14. De esta forma, esta corte debe limitarse a verificar, simplemente, si los órganos jurisdiccionales han «incurrido en transgresiones de orden constitucional y no legal» (TC/0409/24). En efecto, hemos sido enfáticos al impedir que el Tribunal Constitucional sea tratado como un «tribunal de alzada» (TC/0839/25) o nueva instancia o segunda casación del Poder Judicial (TC/0735/24), evitando que «este órgano incursione en el ámbito ordinario de los tribunales judiciales» (TC/0397/24).
15. Por tanto, cuando el asunto no trasciende del «desacuerdo»,
«inconformidad» o «descontento» del recurrente «con la decisión a la que llegó la jurisdicción ordinaria» respecto de la «interpretación judicial de normas
infraconstitucionales», específicamente si «interpretaron o aplicaron correctamente la ley», el recurso de revisión constitucional carece de especial trascendencia o relevancia constitucional (TC/0440/24, TC/0452/24, TC/0851/25, entre otras). Esto se debe a que este extraordinario recurso «no concierne a la corrección o calidad de las decisiones adoptadas por los tribunales de la jurisdicción ordinaria y cómo estos aplican el derecho infraconstitucional» (TC/0851125). De ahí que a este Tribunal Constitucional no le corresponde «determinar si los tribunales del Poder judicial debieron fallar en un sentido u otro» ni si debieron «acoger o no» sus pretensiones (TC/1445/25).
16. En esa medida, el conocimiento de tales pretensiones
desnaturalizaría los fines para los cuales fue concebido [este] mecanismo de protección constitucional, evidenciando que el caso no plantea una controversia constitucional sustantiva ni involucra una discusión real sobre derechos fundamentales, de manera que[] el mismo carece de los elementos propios que se procura con la dimensión objetiva y subjetiva de la revisión constitucional. (TC/1098/25)

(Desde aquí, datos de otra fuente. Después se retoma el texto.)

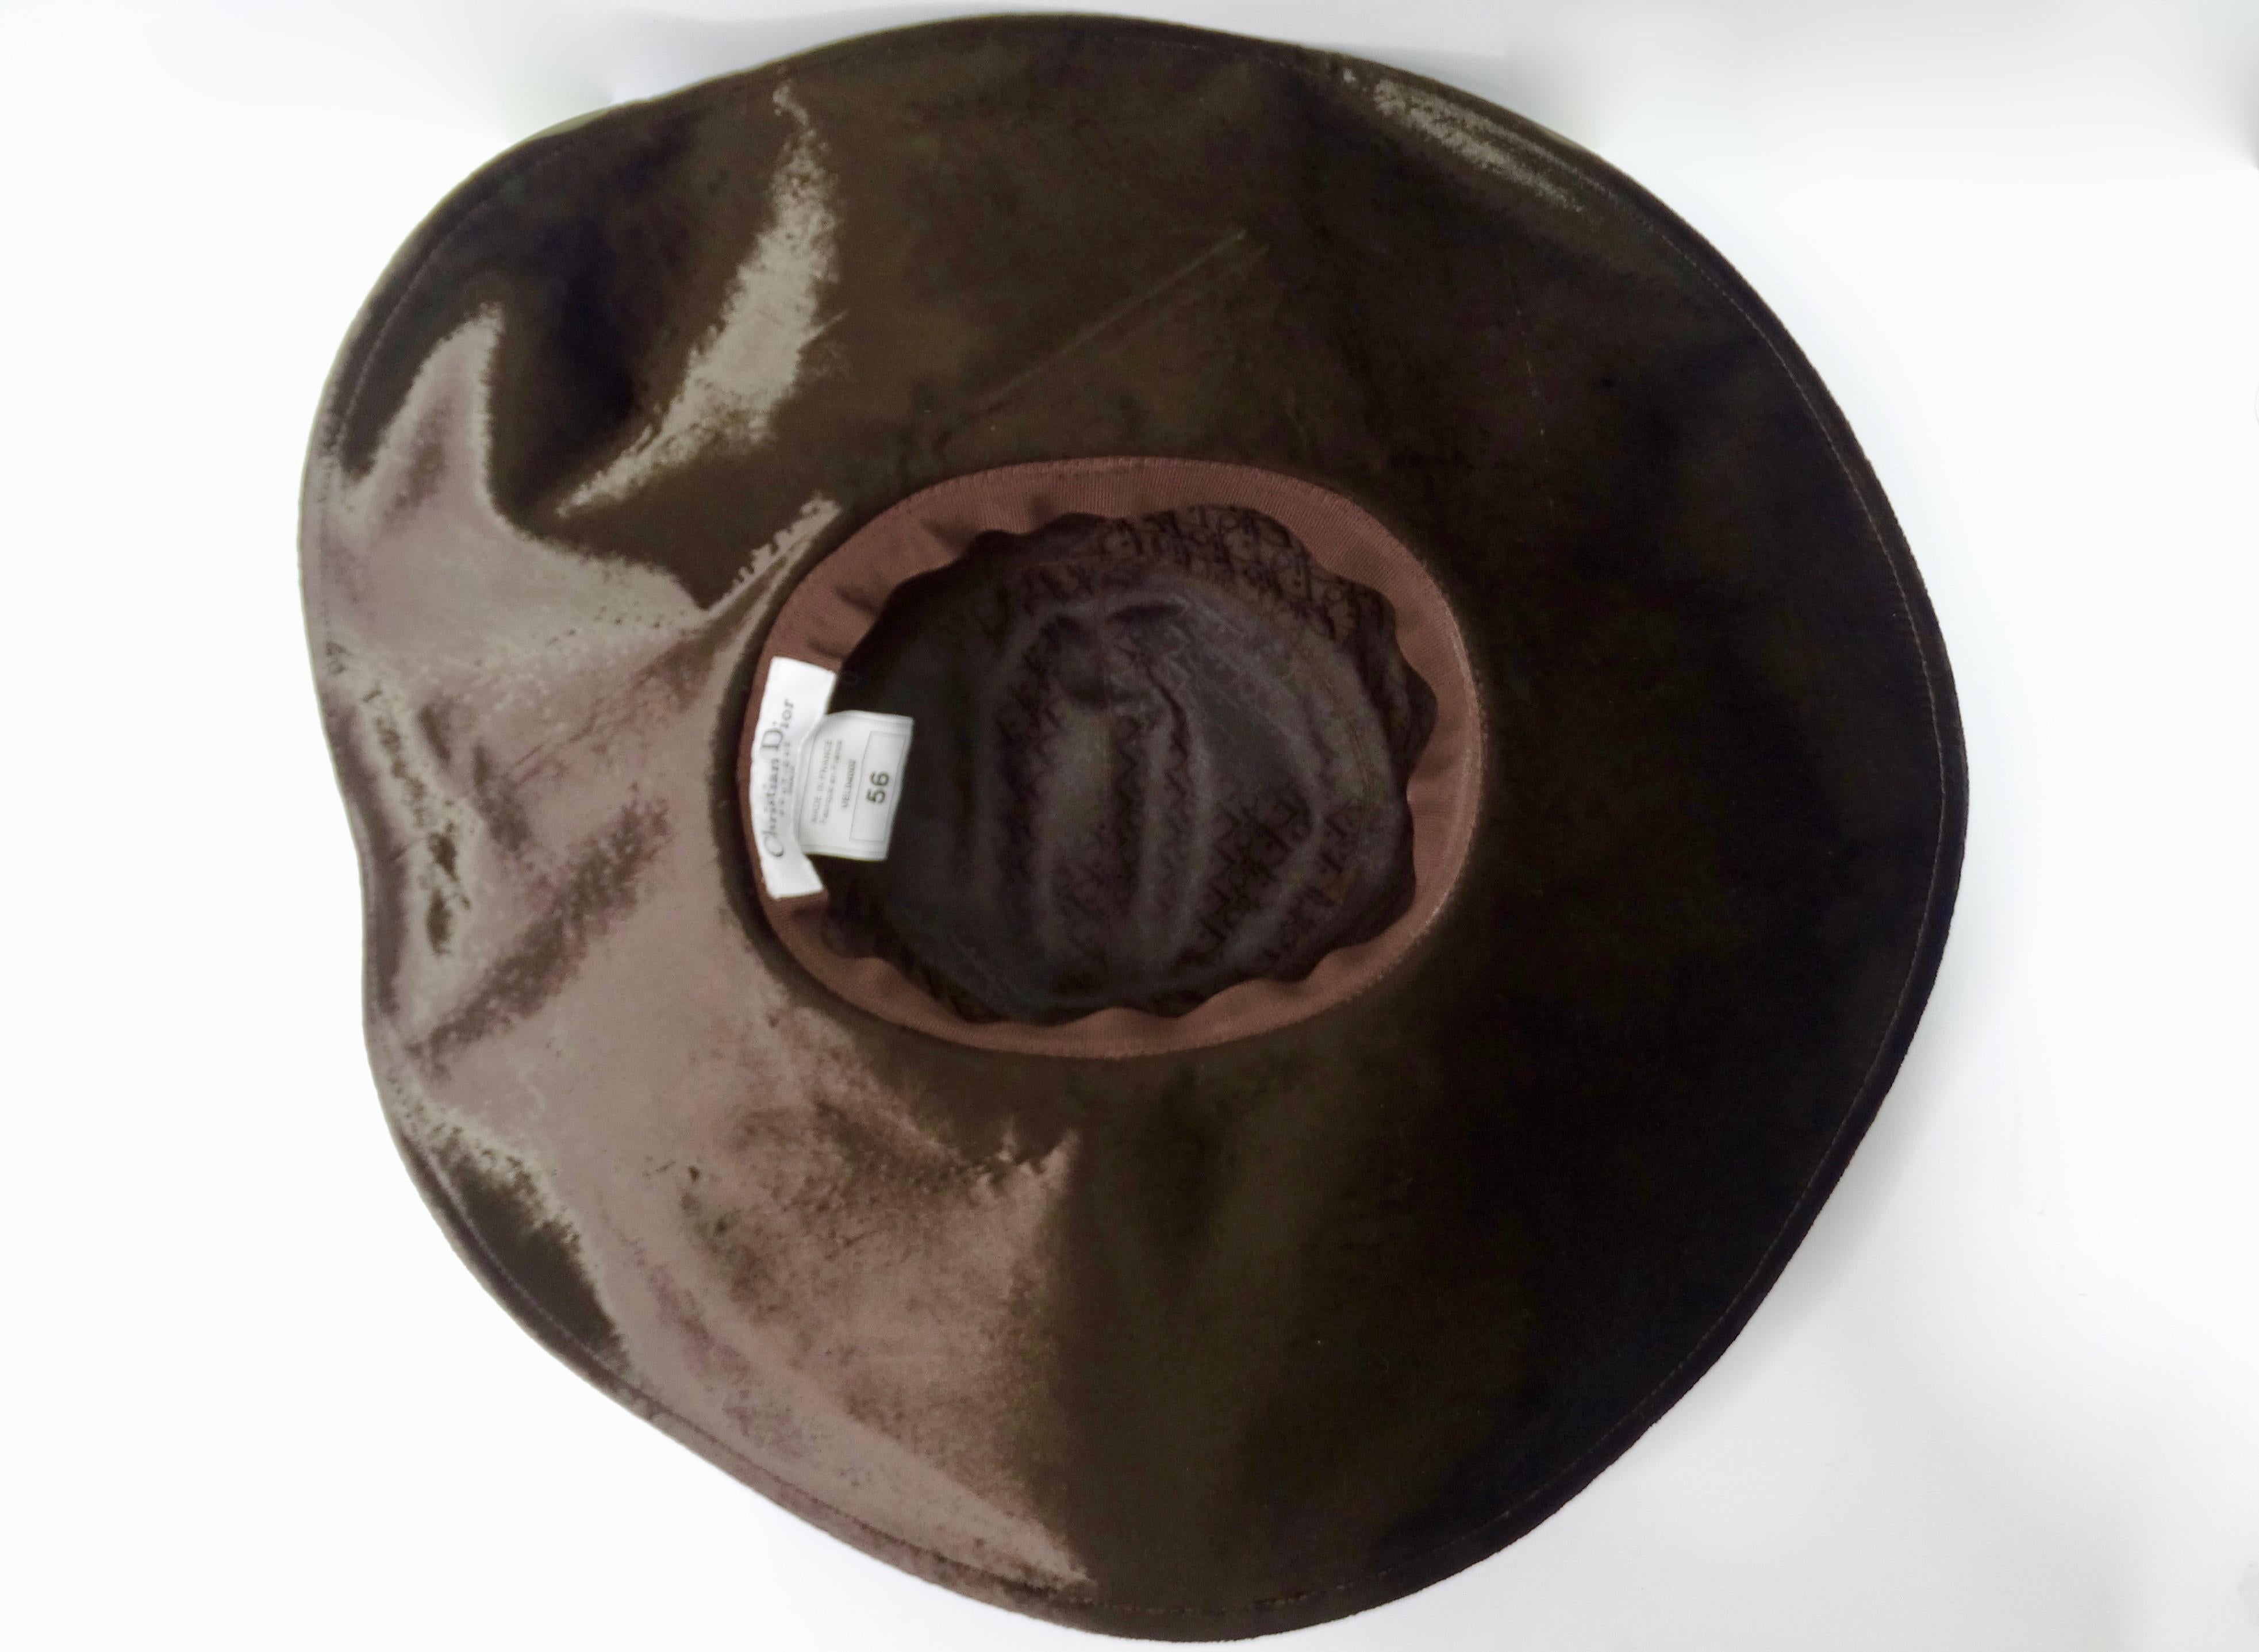 Too a-dior-able! Created in the 1990s with a 70s style (most likely from the Galliano era), this Dior sun hat is crafted from chocolate brown viscose velvet and features a wide floppy brim with a wire trim for a structured look. Interior is lined

17. En conclusión, sostengo, con el debido respeto al criterio mayoritario, que no estábamos frente de un conflicto de fondo sobre el cual el Tribunal Constitucional no había establecido su criterio; sobre el cual, a pesar de haber establecido su criterio, se hiciera necesaria su modificación, reorientación, redefinición, adaptación, actualización, unificación o aclaración; que revelara un problema de trascendencia, relevancia o importancia social, política, jurídica o económica; o que revelara una notoria o manifiesta violación de derechos fundamentales. Más bien, era un asunto propio de la legalidad ordinaria, que carecía de mérito constitucional, que no sobrepasaba de la mera legalidad, que reflejaba un simple desacuerdo con la decisión impugnada, que no ponía de
manifiesto ningún conflicto de derechos fundamentales y que no revelaba una genuina o nueva controversia.
18. En ese sentido, me aparto, con el debido respeto, de la decisión a la que llegó la mayoría del Pleno. En cambio, comprendo, respetuosamente, que el recurso de revisión constitucional devenía en inadmisible.
Fidias Federico Aristy Payano, juez
La presente sentencia fue aprobada por los señores jueces del Tribunal Constitucional, en la sesión del pleno celebrada en fecha catorce (14) del mes de enero del año dos mil veintiséis (2026); firmada y publicada por mí, secretaria del Tribunal Constitucional, que certifico, en el día, mes y año anteriormente expresados.